= Beginning of Section =

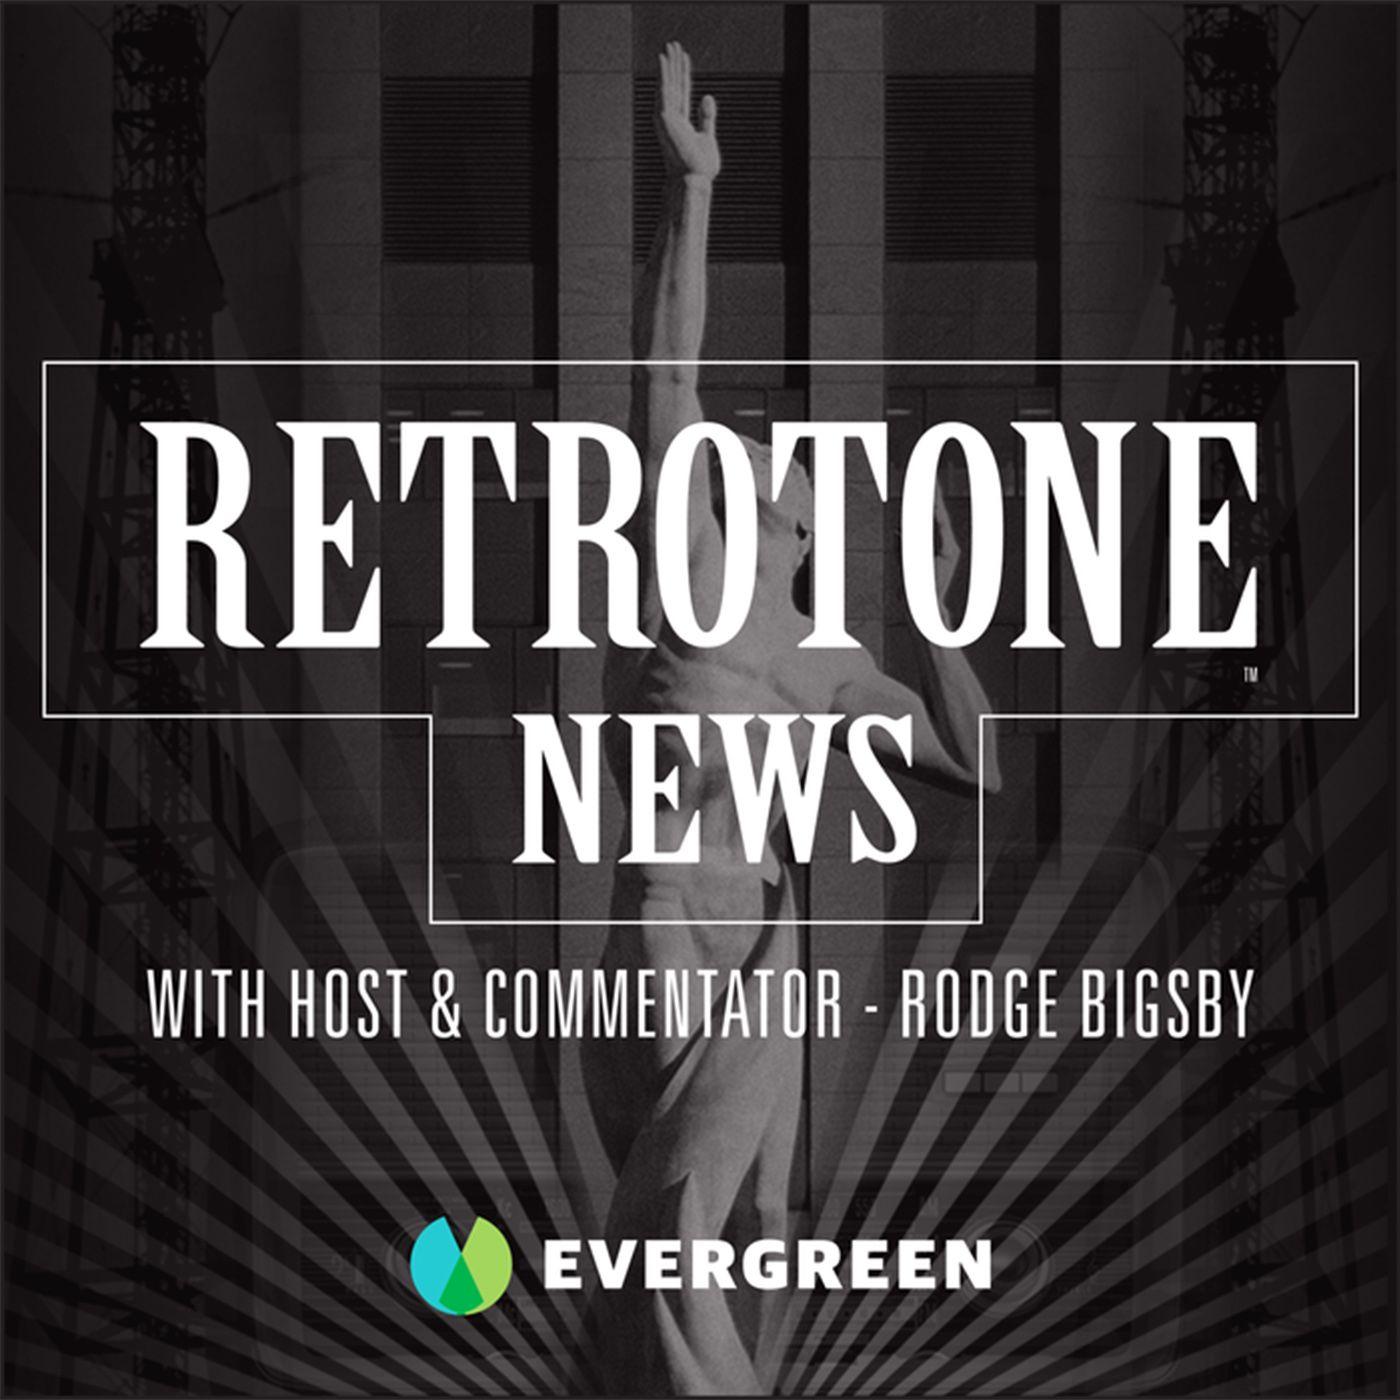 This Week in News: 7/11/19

= End of Section =
= Beginning of Section =

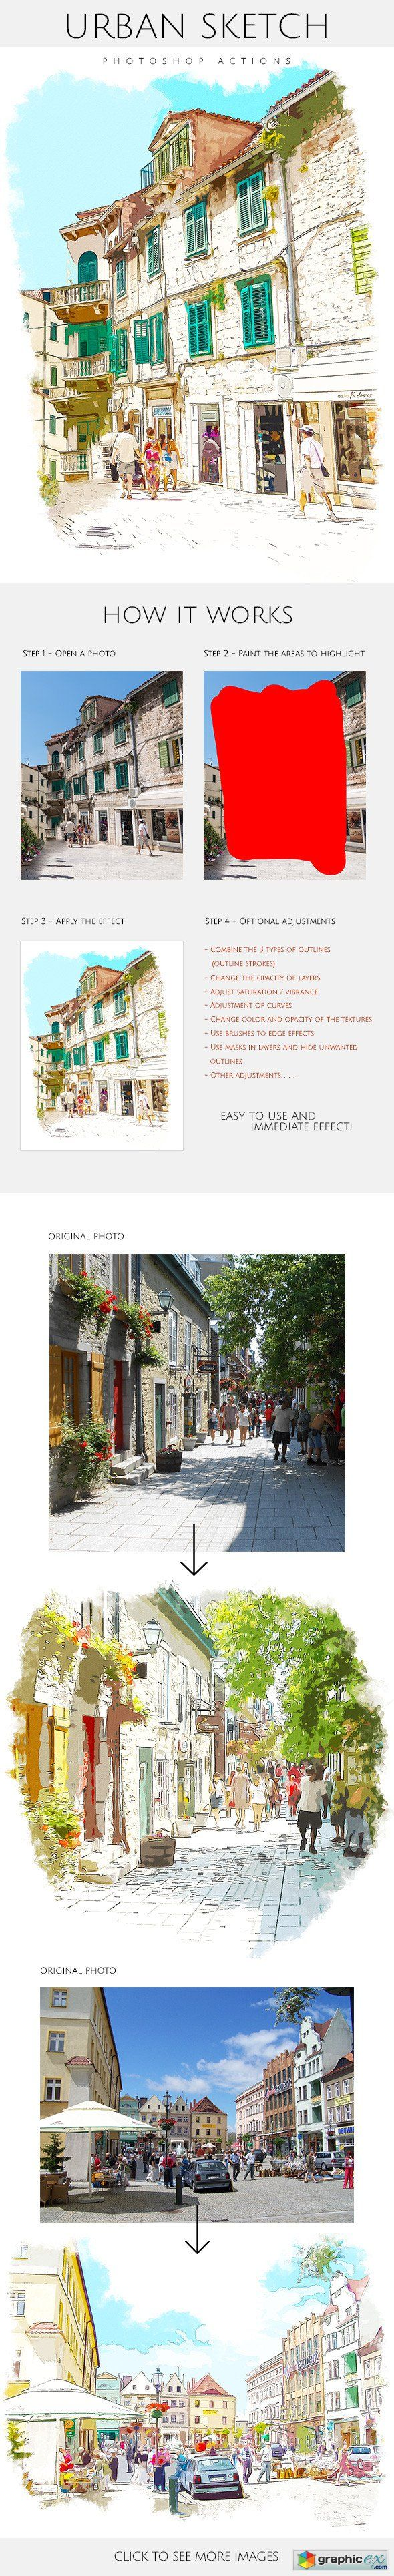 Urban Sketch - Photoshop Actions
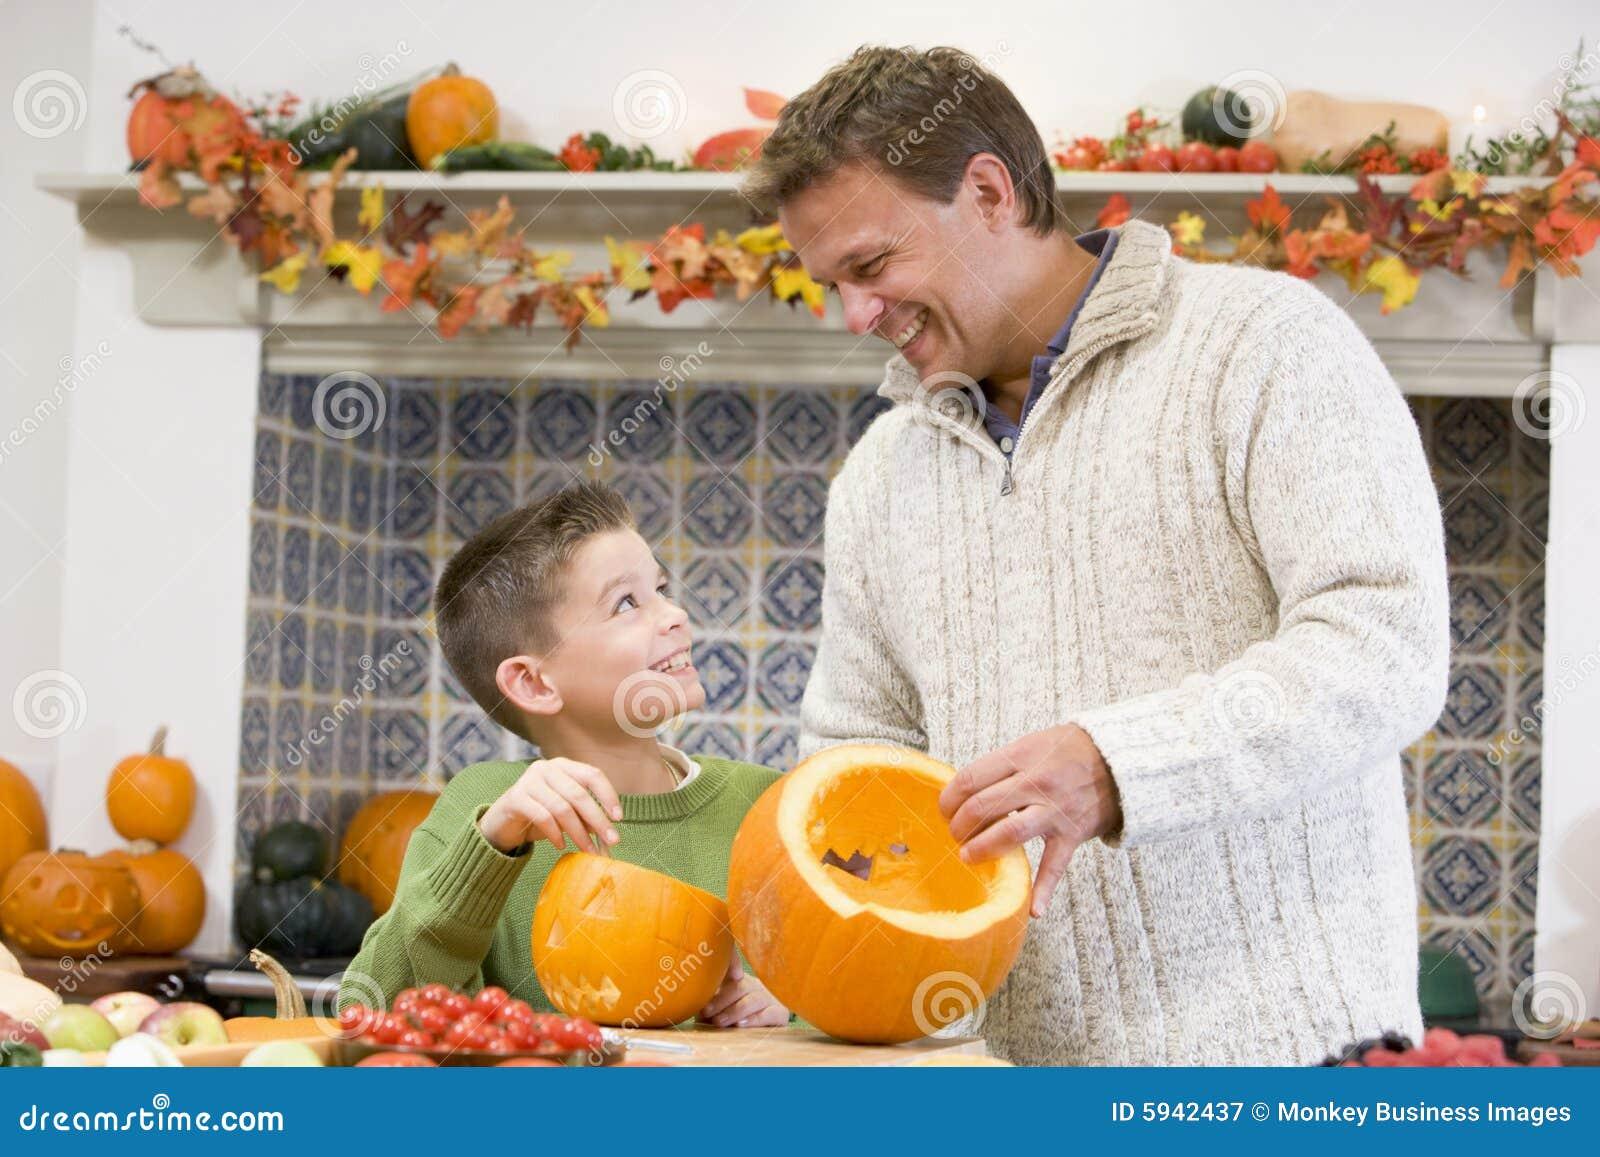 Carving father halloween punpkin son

= End of Section =
= Beginning of Section =

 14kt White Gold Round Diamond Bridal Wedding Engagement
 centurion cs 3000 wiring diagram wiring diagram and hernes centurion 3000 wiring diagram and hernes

= End of Section =

What to work on: After locating the line with "14kt White Gold" above, return that line and every later line through the one with "centurion cs 3000", word for word and with nothing else.

Written response:
 14kt White Gold Round Diamond Bridal Wedding Engagement
 centurion cs 3000 wiring diagram wiring diagram and hernes centurion 3000 wiring diagram and hernes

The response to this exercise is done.